The CEOs did sound encouraged by the congressional spending accord, crafted late last year by budget chairs Paul Ryan of the House and Patty Murray of the Senate, that averted another costly federal shutdown.

Yet the big-business big shots, like other Americans who are paying sufficient attention, rightly retain doubts about Washington's willingness to make the hard calls required to assure the nation's long-term fiscal stability.

And the bottom line of the CEOs' all-too-revealingly modest expectations: They predict that the U.S. economy will grow by a mere 2.4 percent this year - far below the level needed to generate a bona fide hiring surge.

Meanwhile, Monday's Financial Times reported that for the first time in the last 36 years, the United States has a lower labor-participation rate than the United Kingdom.
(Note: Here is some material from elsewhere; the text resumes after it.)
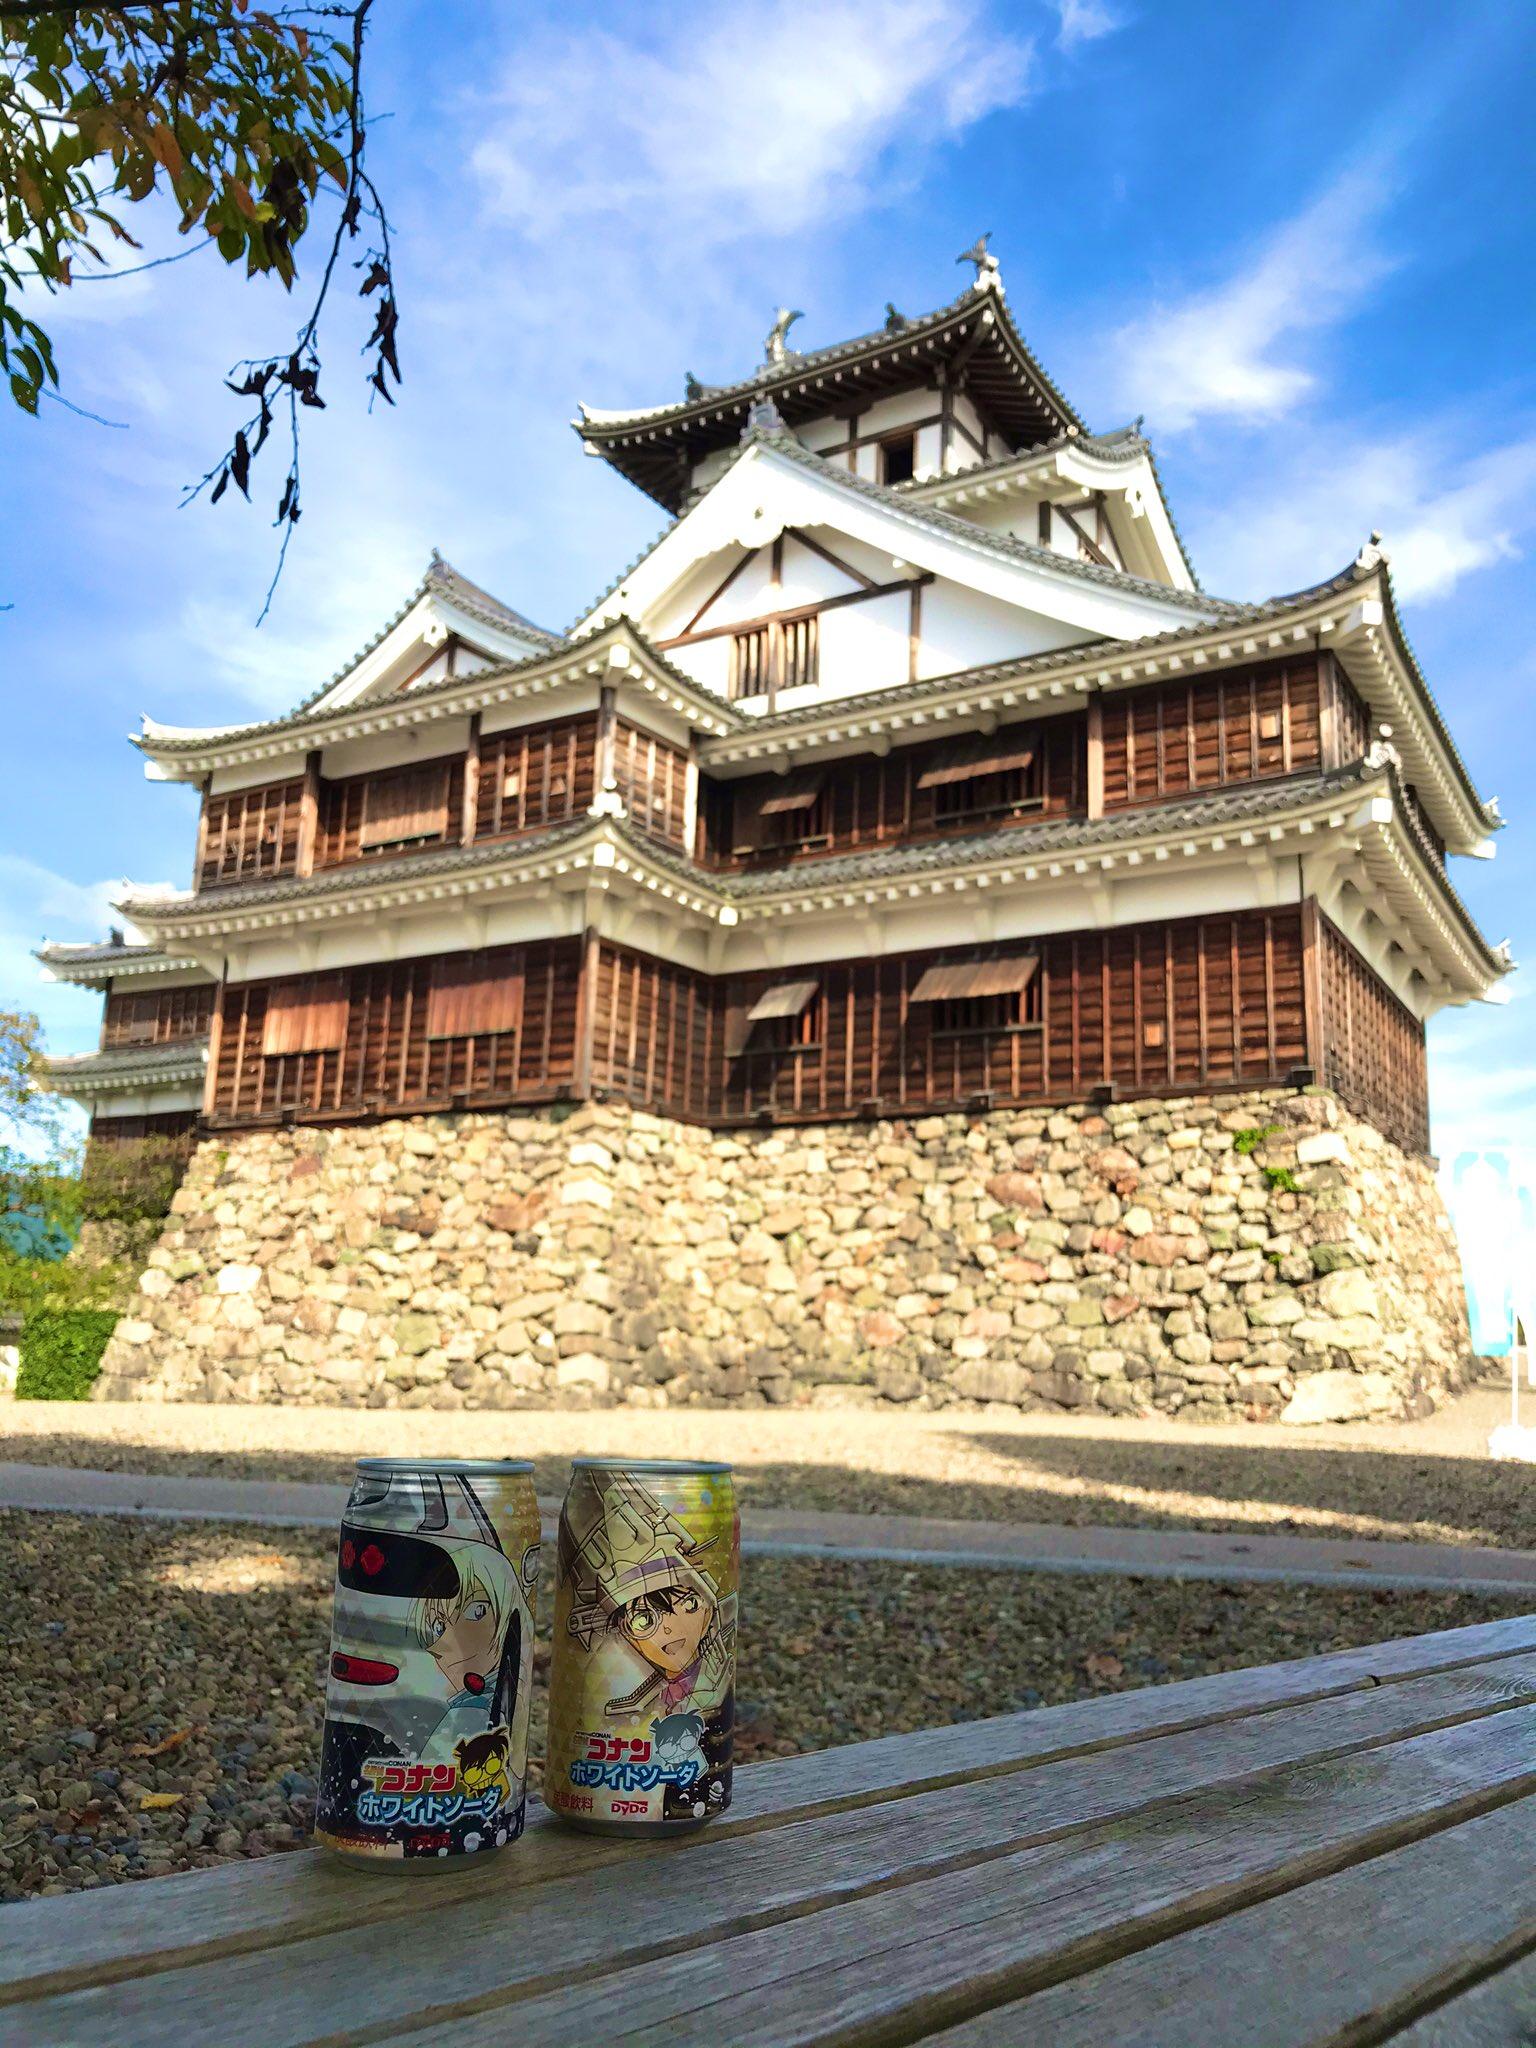 福知山城にある喋る 光秀自販機 で コナン のジュースを買ったら 怪盗キッドと 安室透が出た 届けはるか彼方へ 2019 11 10 福知山シネマ

That spells even more serious trouble for the taxpayers' future capacity to fund government at all levels.

Clearly, our economy will not shift back into high gear until the depressing modifier is deleted from this "jobless recovery."

Just as clearly, if Congress - and the president - want to put America back to work, they should heed the pleas of both big and small business interests to make Washington an ally, not an enemy, in the mission to fully revive national prosperity.